Он поднялся и принялся ловко, споро одеваться. Драганка тихо жалостливо скулила. Да так, что Ялька вдруг ее пожалела. Правильно бабы у них в воровском углу ругаются: сунул, вынул, да прочь погнал. Как собаку. Ей взгрустнулось и впервые подумалось: что ж у нее за суженый такой, от которого ее воротит? Не то, чтоб взаправду…, но, все же.
– Когда придешь, мучитель?! – простонала Драганка, едва Таймир взялся за дверное кольцо.
– Когда приспичит, – отлаялся тот и вышел вон.
Драганка заскулила громче и яростей, а Ялька, опомнившись, сиганула под оконную занавесь и выпрыгнула в окно. В горнице, где она набезобразничала, ползали по полу две невинные жертвы ее любопытства. И чего притащилась – недоумевала Ялька, залезая на покатую крышу, крытую черепицей. Обернувшись змеей, она поползла на заднюю сторону хором, почти примыкающую к ограде. И все пыталась ответить на внезапно одолевший ее вопрос: зачем? Нет, то, что ее обижали любовные шляния Таймира, это понятно. Однако горько от того как-то не становилось. Ялька была не совсем уверена…, но все же привыкла думать, что обида должна мучить – видала же, как изводятся другие девки с бабами, коли им обидно до слез. Им больно, они тоскуют и маются, и, как говорит бабуля, творят всякую дурь. Короче, вредят себе этой их дурной любовью. Понятно, что у оборотней все должно быть как-то иначе: она не знала как иначе, но совершенно точно иначе.
Еще она откуда-то знала, что предназначена Таймиру, и как-то не переживала на этот счет: вот вырастет, и все сбудется само собой. Да, порой – как сегодня – ее тянуло на него поглядеть, где бы он ни был. Она тащилась, куда придется, находила его, шастала кругами, а потом возвращалась домой и прекрасно жила без этого много дней. Вот, прям…, как будто помечала его подобно зверю, метящему свои угодья, что приходится время от времени обходить по кругу. Жаль, что рядом нет ни одной Ялитихайри. Некому ей объяснить, что же она такое? На что способна? И чего ей нужно остерегаться, дабы не стать людям смертельным врагом? Это уж и впрямь беда, коль свершится.
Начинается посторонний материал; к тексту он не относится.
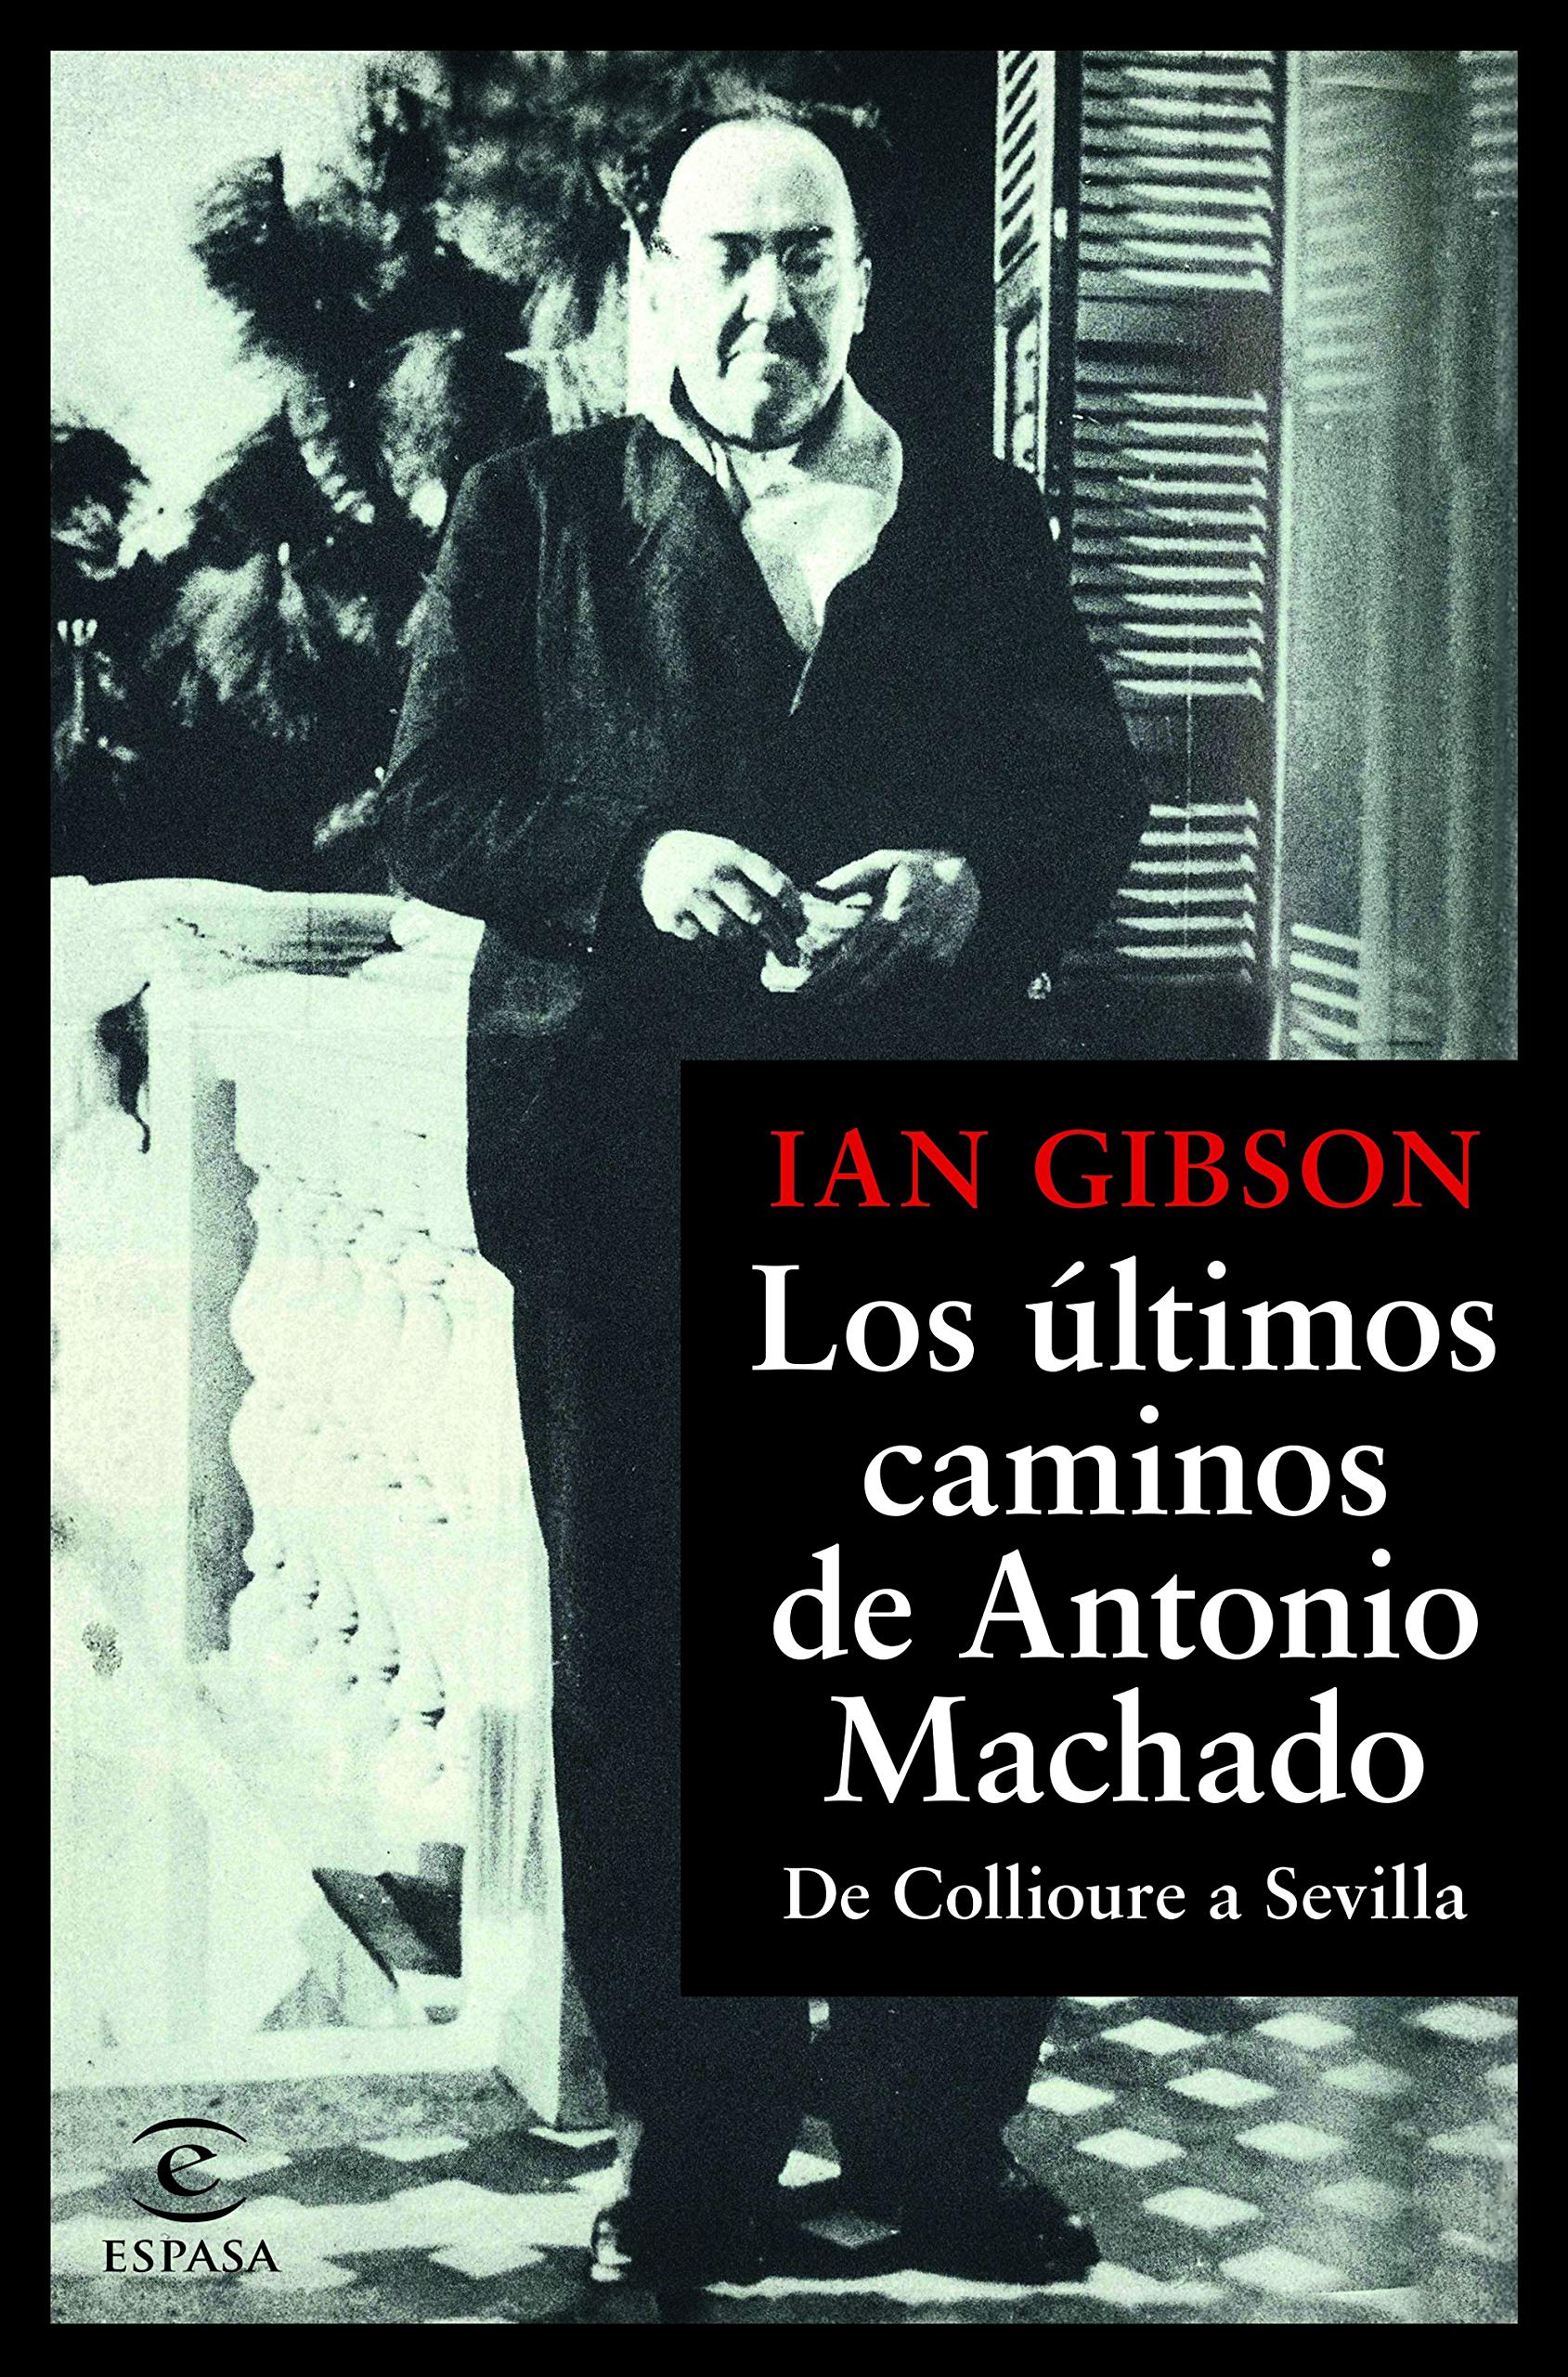 Los últimos caminos de Antonio Machado (Ian Gibson, 2019)

Тогда она разом потеряет бабулю, деда и Таймира – вот уж горе, так горе. Как бы там ни было, Ялька всей душой чувствовала: стоит ей остаться в одиночестве, и она сразу умрет. Отчего-то Ялитихайри не умеют жить без людей: толи причуда сердца, толи, и вправду, что-то очень важное, как воздух и мясо.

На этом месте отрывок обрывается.